The second embodiment is performed when the luminance unevenness needs to be adjusted again due to factors such as secular change with respect to a display device in which the luminance unevenness table is already recorded. Note that the same constituent elements as those in the first embodiment are denoted by the same reference numerals, and the description thereof is omitted. FIG. 12 is a block diagram illustrating a configuration example of the display device 1 used in the adjustment method according to the second embodiment of the present invention. The display device 1 records the luminance coefficient table 125c in which the luminance coefficient used for adjusting the luminance recorded in the luminance unevenness table 125a is recorded in the recording unit 125 of the image processing unit 12. Note that the luminance recorded in advance in the luminance unevenness table 125a is a value obtained by correcting the luminance measured by the wide-range measurement device 3 with the measurement value of the narrow-range measurement device 4 as described in the first embodiment. It is also possible to record the uncorrected luminance measured by the wide range measuring device 3. The luminance coefficient table 125c is recorded in rewritable recording means 12 such as EPROM (Erasable and Programmable Read Only Memory). In the luminance coefficient table 125c, in order to adjust the luminance for each screen area recorded in the luminance unevenness table 125a, the luminance coefficient associated with each screen area is recorded, and recorded in the luminance unevenness table 125a. By multiplying the recorded luminance by the luminance coefficient recorded in the luminance coefficient table 125c, the luminance as the adjustment value can be derived.

  Next, processing of each device according to Embodiment 2 of the present invention will be described. A process at the time of measuring the luminance of the display device 1 will be described. FIG. 13 is a flowchart showing an example of processing of the adjustment device 2 according to Embodiment 2 of the present invention. The user connects the display device 1 to be adjusted to the adjustment device 2 and measures the luminance of the image displayed on the display screen of the display unit 10 of the display device 1 using the narrow-range measurement device 4. . The adjustment device 2 reads the recorded contents of the luminance unevenness table 125a from the display device 1 connected via the first connection means 26 under the control of the control means 20 that executes the computer program 200 stored in the storage means 23. Reading (S301), and the recorded contents of the read luminance unevenness table 125a are recorded in the recording means 22 (S302).
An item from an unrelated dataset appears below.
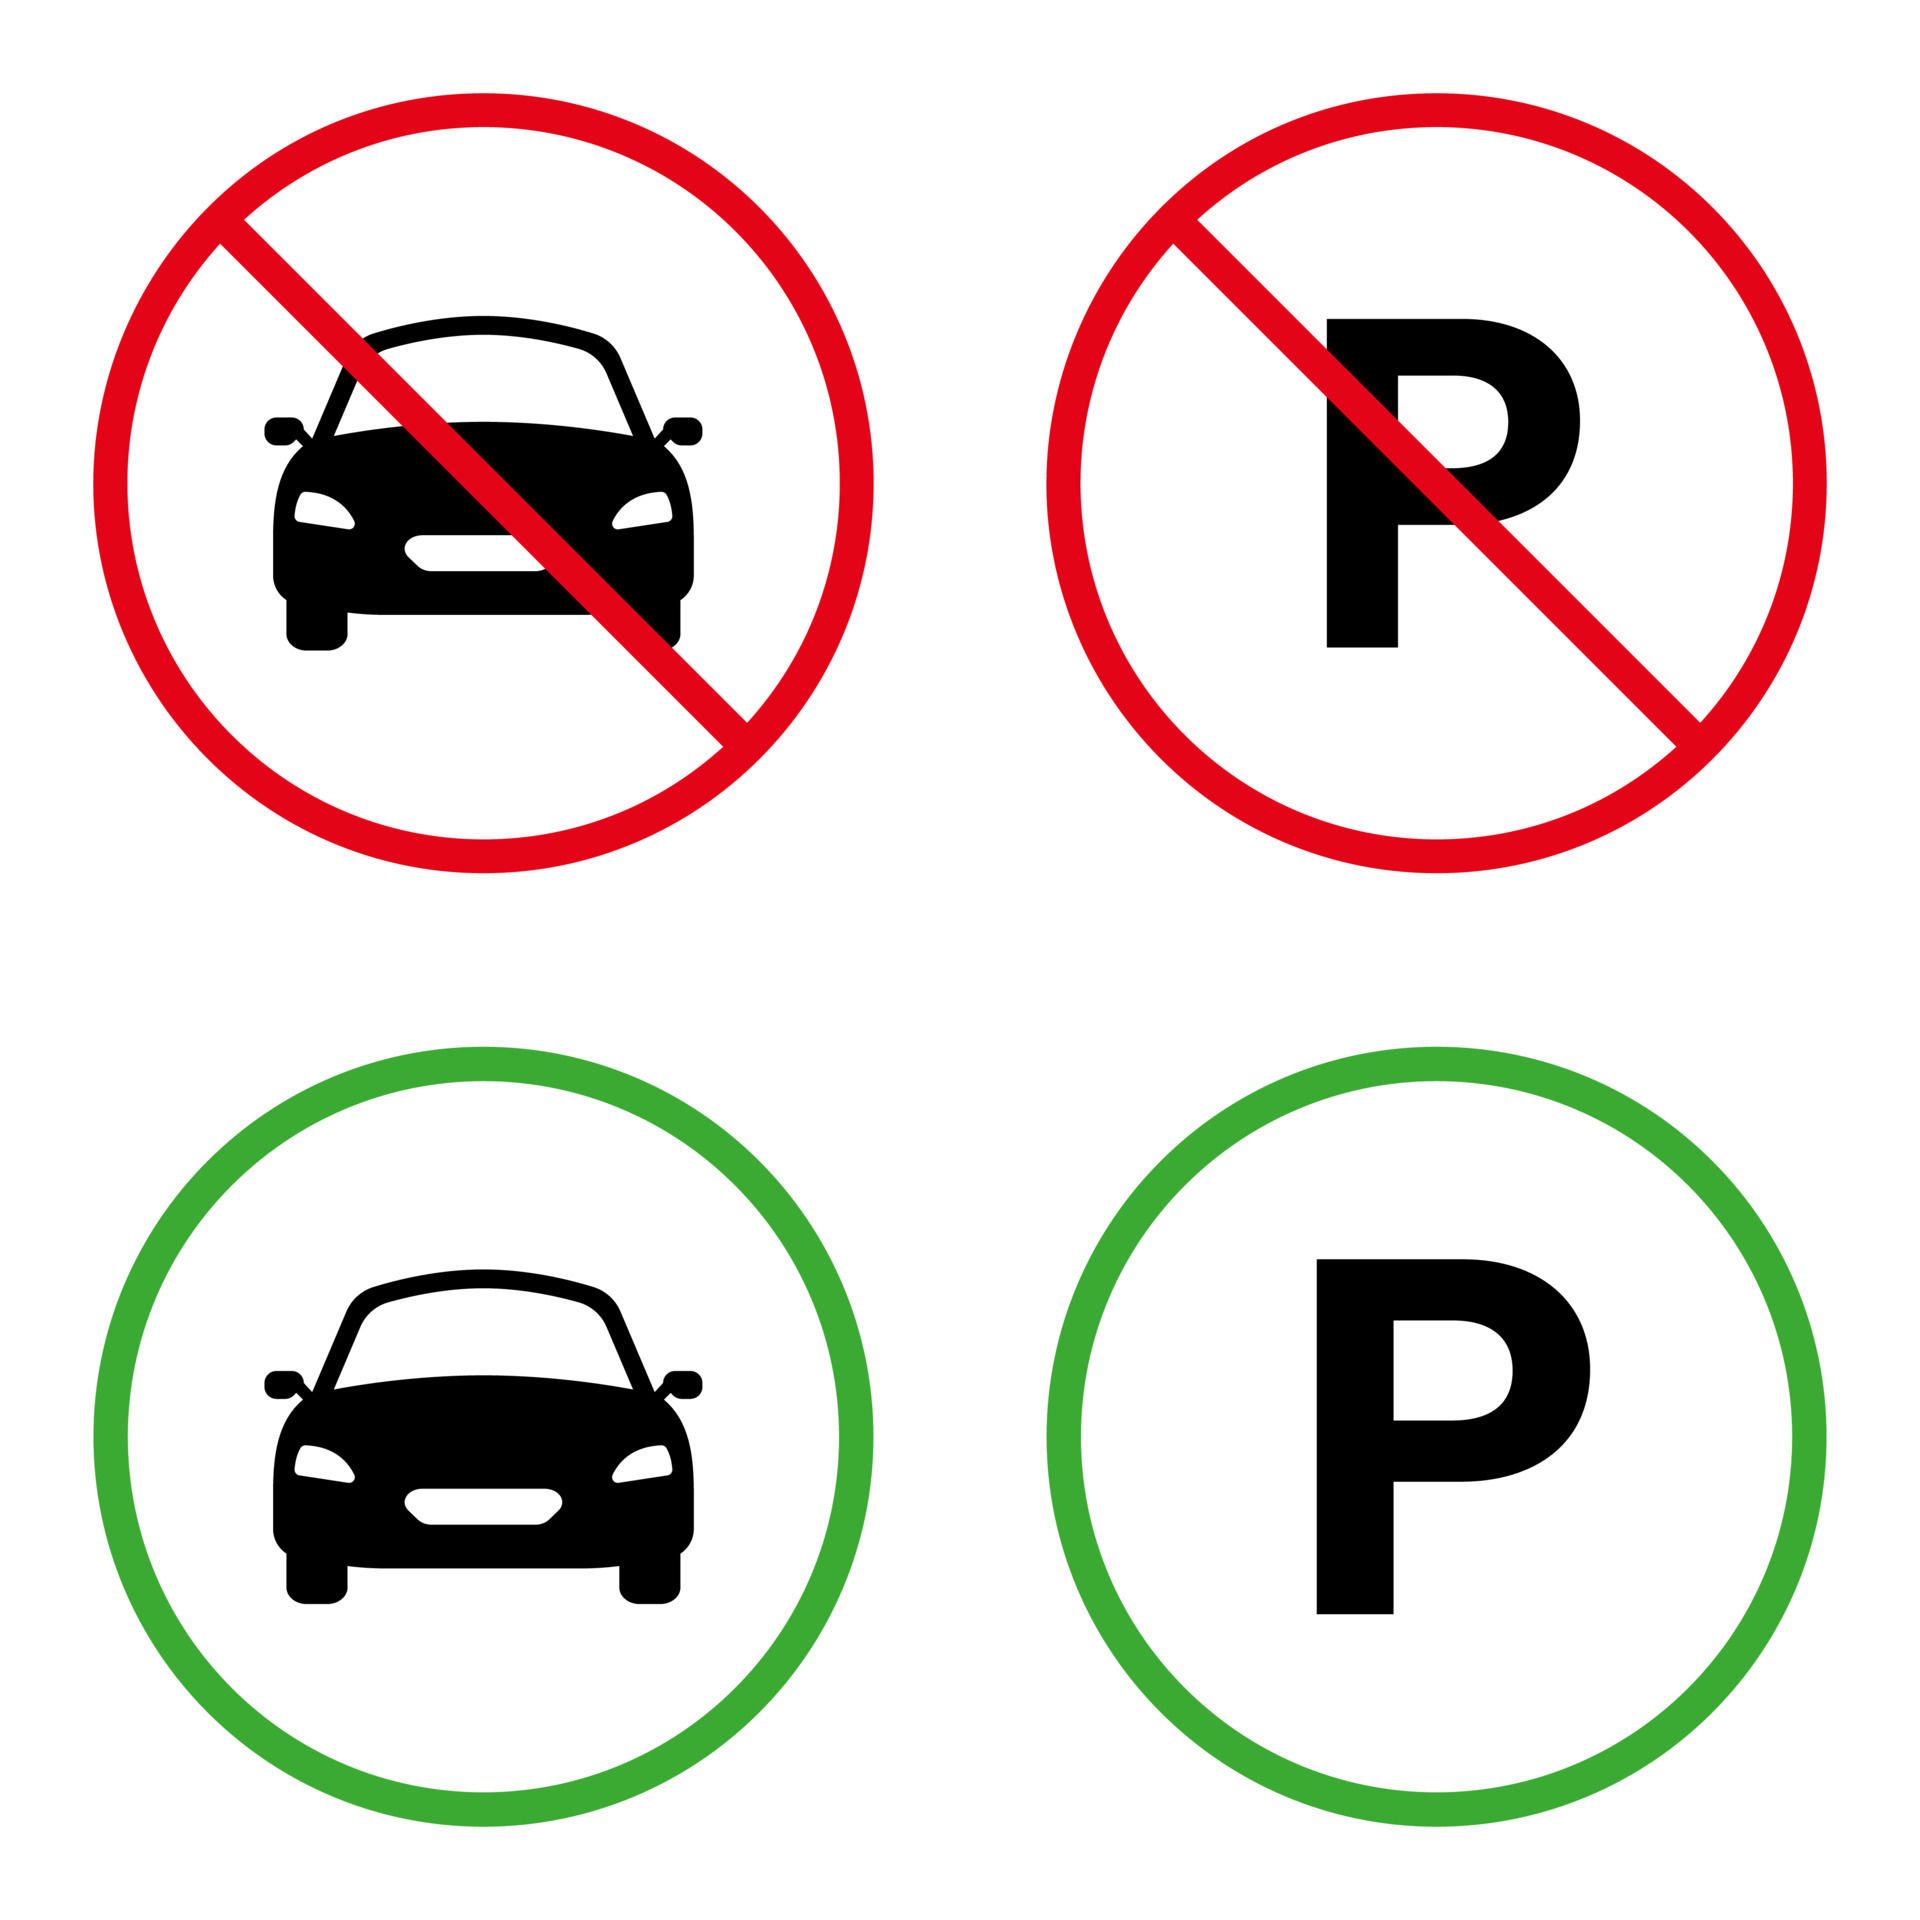 https://static.vecteezy.com/system/resources/previews/009/488/349/original/forbid-parking-car-silhouette-pictogram-park-vehicle-transport-allowed-road-green-sign-car-prohibited-black-icon-attention-private-parking-zone-red-stop-symbol-isolated-illustration-vector.jpg

  Furthermore, the adjustment device 2 receives an input of luminance, which is a measurement result of the local range measured by the narrow-range measurement device 4 under the control of the control unit 20 (S303), and records the received measurement result of the local range in the recording unit 22. (S304). In step S303, input of measurement results of a plurality of local ranges, for example, nine local ranges is received and recorded in step S304.

  Then, the adjustment device 2 derives the luminance coefficient of the local range under the control of the control unit 20 (S305). The luminance coefficient derived in step S305 is an adjustment value to be multiplied by the luminance recorded in the luminance unevenness table 125a, and the display device 1 adjusts the luminance based on the luminance multiplied by the luminance coefficient. In step S305, the luminance is derived for the local range based on the measurement result of the local range measured by the narrow range measuring device 4 by the same method as in the first embodiment. Then, by dividing the derived luminance by the luminance recorded in the luminance unevenness table 125a, a luminance coefficient is derived as an adjustment value.
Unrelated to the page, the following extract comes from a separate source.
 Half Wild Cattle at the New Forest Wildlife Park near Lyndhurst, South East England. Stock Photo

  Furthermore, the adjustment device 2 controls the brightness of the range corresponding to the local range among the measurement results of the local range measured by the narrow range measurement device 4 and the recorded content read from the luminance unevenness table 125a under the control of the control means 20. Based on the above relationship, the luminance coefficient read from the luminance unevenness table 125a is corrected to derive a luminance coefficient other than the local range (S306). In step S306, the relationship between the measurement result of the local range measured by the narrow-range measuring device 4 and the recorded content read from the luminance unevenness table 125a, that is, the rate of change rate is obtained by the same method as in the first embodiment. The brightness other than the local range is derived by multiplying the change rate ratio by the brightness other than the local range read from the brightness unevenness table 125a. Then, by dividing the derived luminance by the luminance recorded in the luminance unevenness table 125a, a luminance coefficient is derived as an adjustment value.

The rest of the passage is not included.